Suscríbete a nuestra newsletter

“INSTITUTO DE ALTO RENDIMIENTO PROFESIONAL Y PERSONAL”

8 abril, 2019

Resuelve con productividad los problemas en el trabajo

Al abordar esta parte de tu trabajo con la disposición de escuchar, comprender y ofrecer asistencia, se obtienen resultados más positivos que la demostración de una intención primaria de castigar y hacer cumplir las reglas. Si bien los miembros del equipo son frecuentes en las solicitudes de atención organizativa a sus necesidades, debes mantener un punto de vista racional. Desarrollar el potencial de los miembros del equipo y aumentar la productividad es más importante que ganar una batalla verbal y demostrar la fuerza de tu propia autoridad.

El primer paso para tratar una queja es descubrir si está lidiando con un problema personal que en realidad es responsabilidad del miembro del equipo o con una situación más apropiada para que la gerencia la aborde. Aunque pueden ser desagradables de enfrentar, las quejas expresadas de manera abierta y directa son las más fáciles de manejar. Con demasiada frecuencia, las quejas se ocultan de la vista y se expresan como síntomas que deben analizarse e interpretarse.

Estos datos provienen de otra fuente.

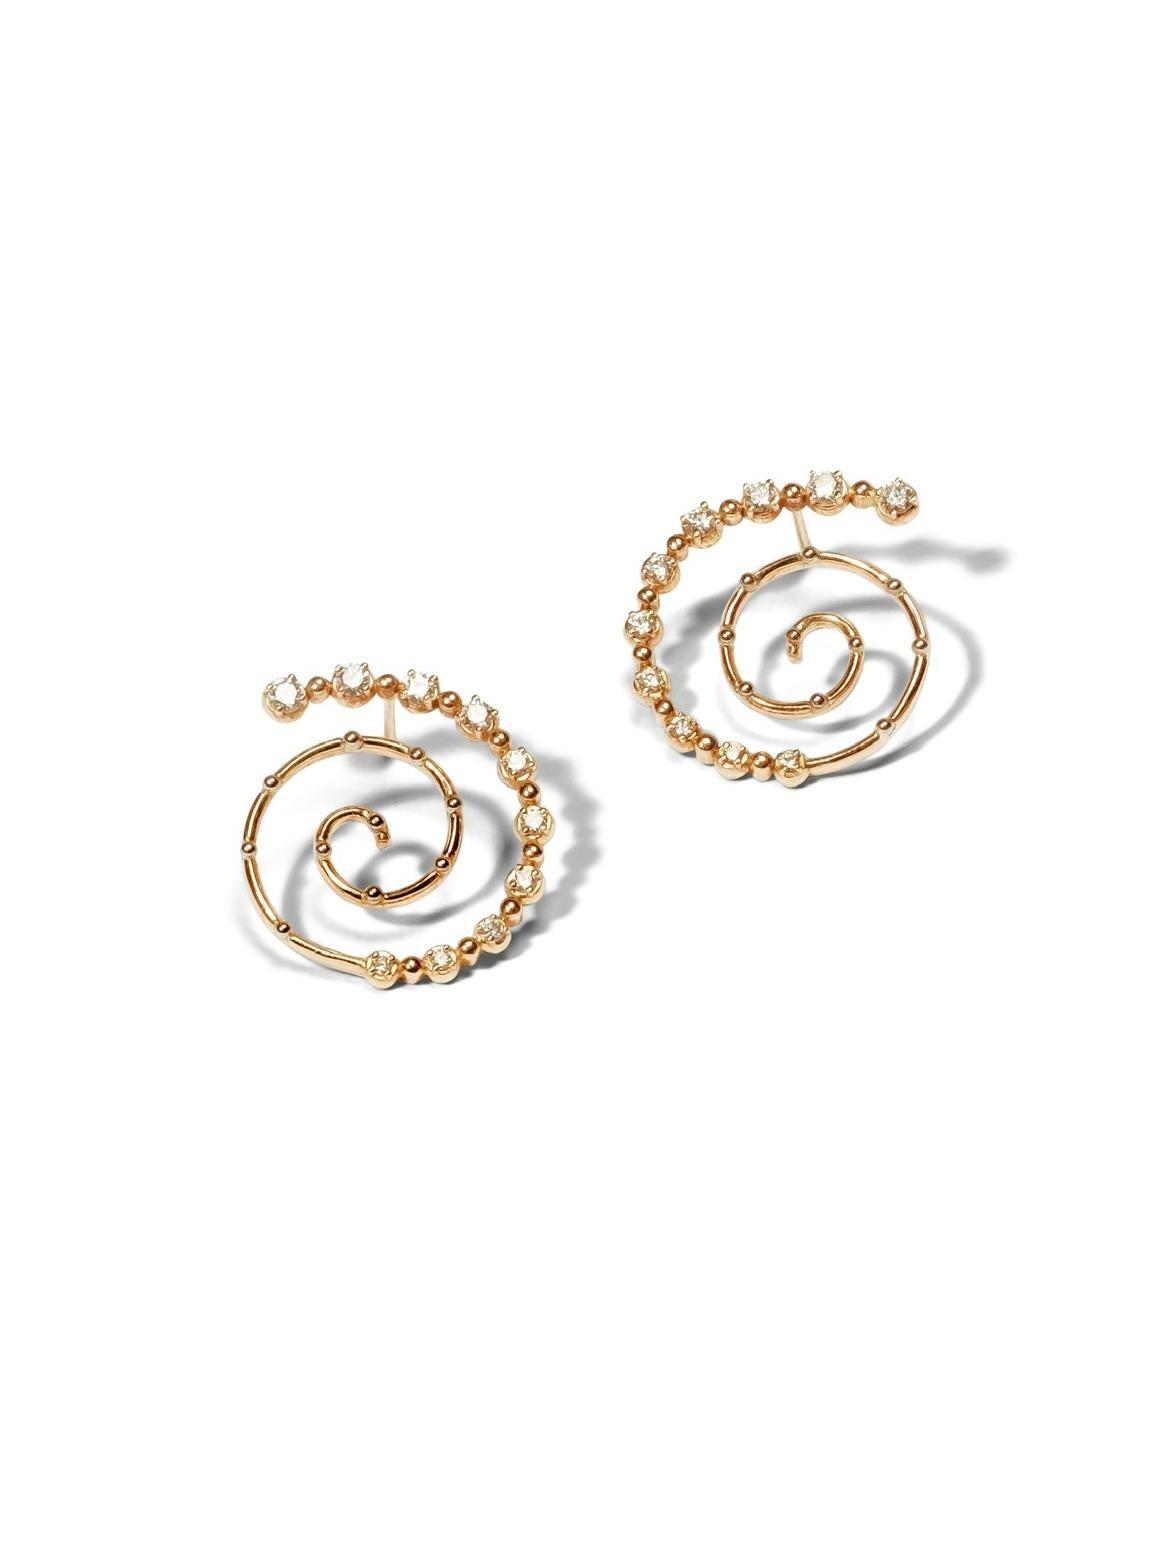 More spirals, please. A refreshing twist on the classic gold hoop earring making it a must have pair. Featuring diamonds and gold beads along the spiral. This pair will stylishly take you from work-from-home video calls to dinner with your

Las quejas no expresadas pueden producir varios síntomas. A veces, un aumento en el absentismo, la tardanza o la rotación laboral indica un descontento de algún tipo. Irritabilidad, chismes, quejas y discusiones también surgen de las quejas no expresadas. La disminución de la productividad también puede ser un síntoma causado por la insatisfacción no expresada. Más específicamente, la disminución de la calidad del servicio al cliente, el aumento de errores y pérdidas, y una respuesta más lenta a las necesidades de la organización pueden ser síntomas causados por insatisfacción no expresada.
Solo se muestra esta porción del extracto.